On the AER Convolution Processors for FPGA by Linares Barranco, Alejandro et al.
On the AER Convolution Processors for FPGA 
A. Linares-Barranco, R. Paz-Vicente, F. Gómez-Rodríguez, A. Jiménez, M. Rivas, G. Jiménez, A. Civit
Robotic and Technology of Computers group. University of Seville. 
 Av. Reina Mercedes s/n, 41012-Sevilla, SPAIN. alinares@atc.us.es
Abstract— Image convolution operations in digital computer 
systems are usually very expensive operations in terms of 
resource consumption (processor resources and processing time) 
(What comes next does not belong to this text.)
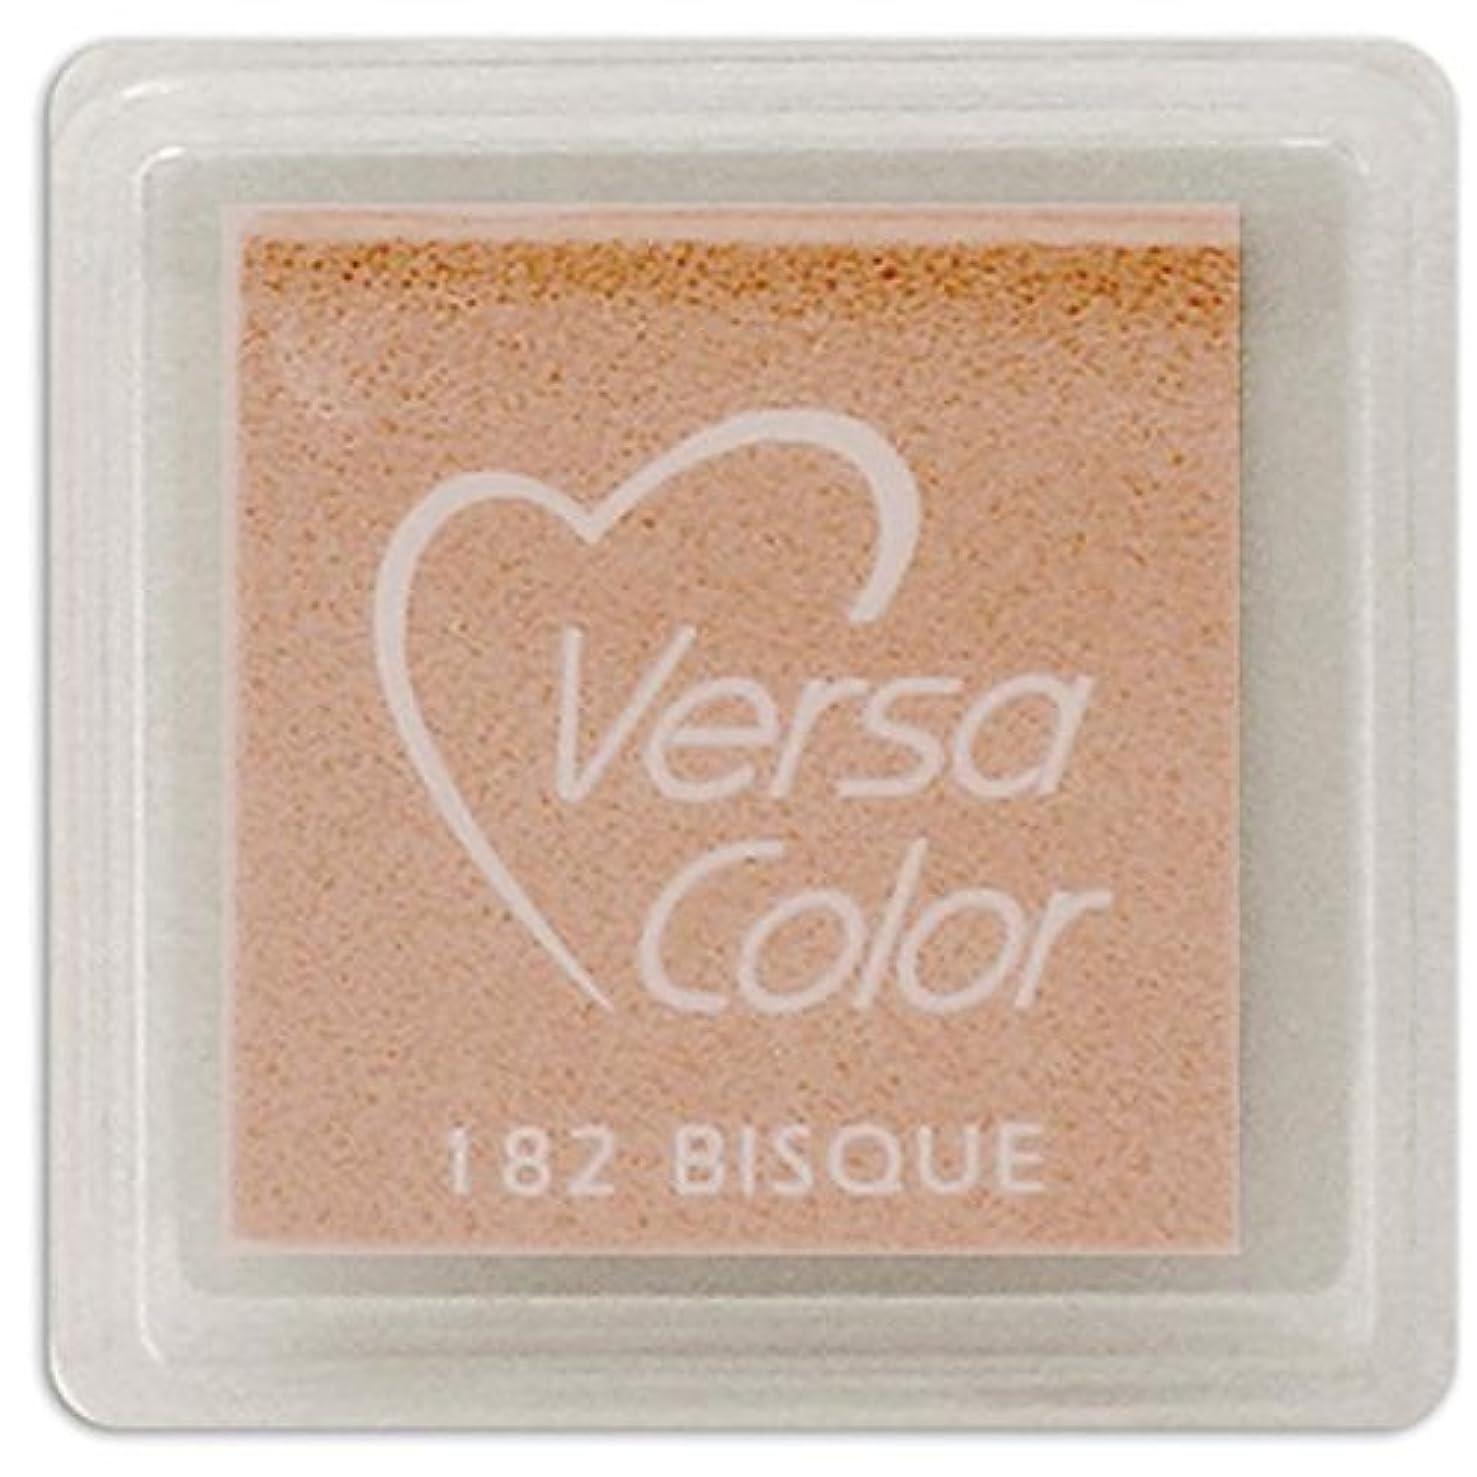 Tsukineko Small-Size VersaColor Ultimate Pigment Inkpad, Bisque
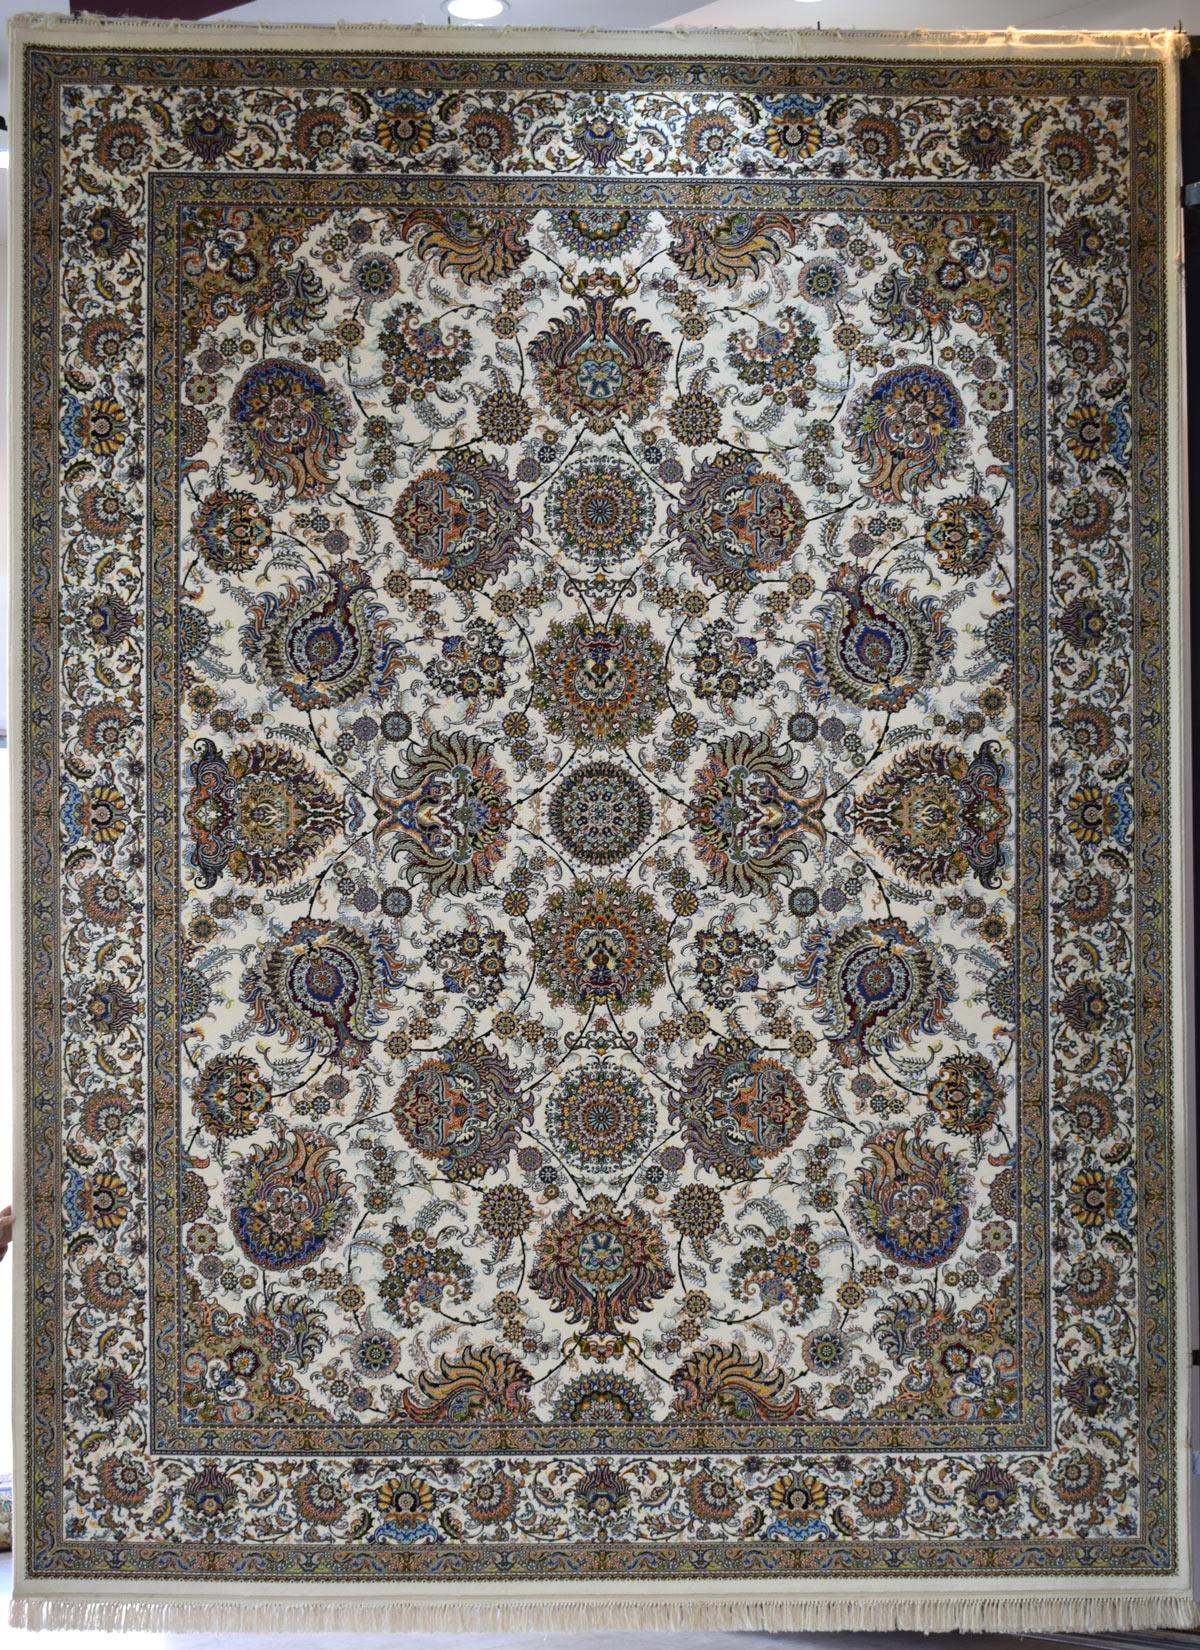 فرش کاشان طرح باغ بهشت ۷۰۰ شانه

for an efficient Real-Time application. In these scenarios the 
visual information is divided into frames and each one has to be 
completely processed before the next frame arrives in order to 
warranty the real-time. A spike-based philosophy for computing 
convolutions based on the neuro-inspired Address-Event-
Representation (AER) is achieving high performances. In this 
paper we present two FPGA implementations of AER-based 
convolution processors for relatively small Xilinx FPGAs 
(Spartan-II 200 and Spartan-3 400), which process 64x64 images 
with 11x11 convolution kernels. The maximum equivalent 
operation rate that can be reached is 163.51 MOPS for 11x11 
kernels, in a Xilinx Spartan 3 400 FPGA with a 50MHz clock. 
Formulations, hardware architecture, operation examples and 
performance comparison with frame-based convolution 
processors are presented and discussed. 
I. INTRODUCTION
Digital vision systems process sequences of frames from 
conventional video sources, like cameras. For performing 
complex object recognition algorithms, sequences of 
computational operations must be performed for each frame. 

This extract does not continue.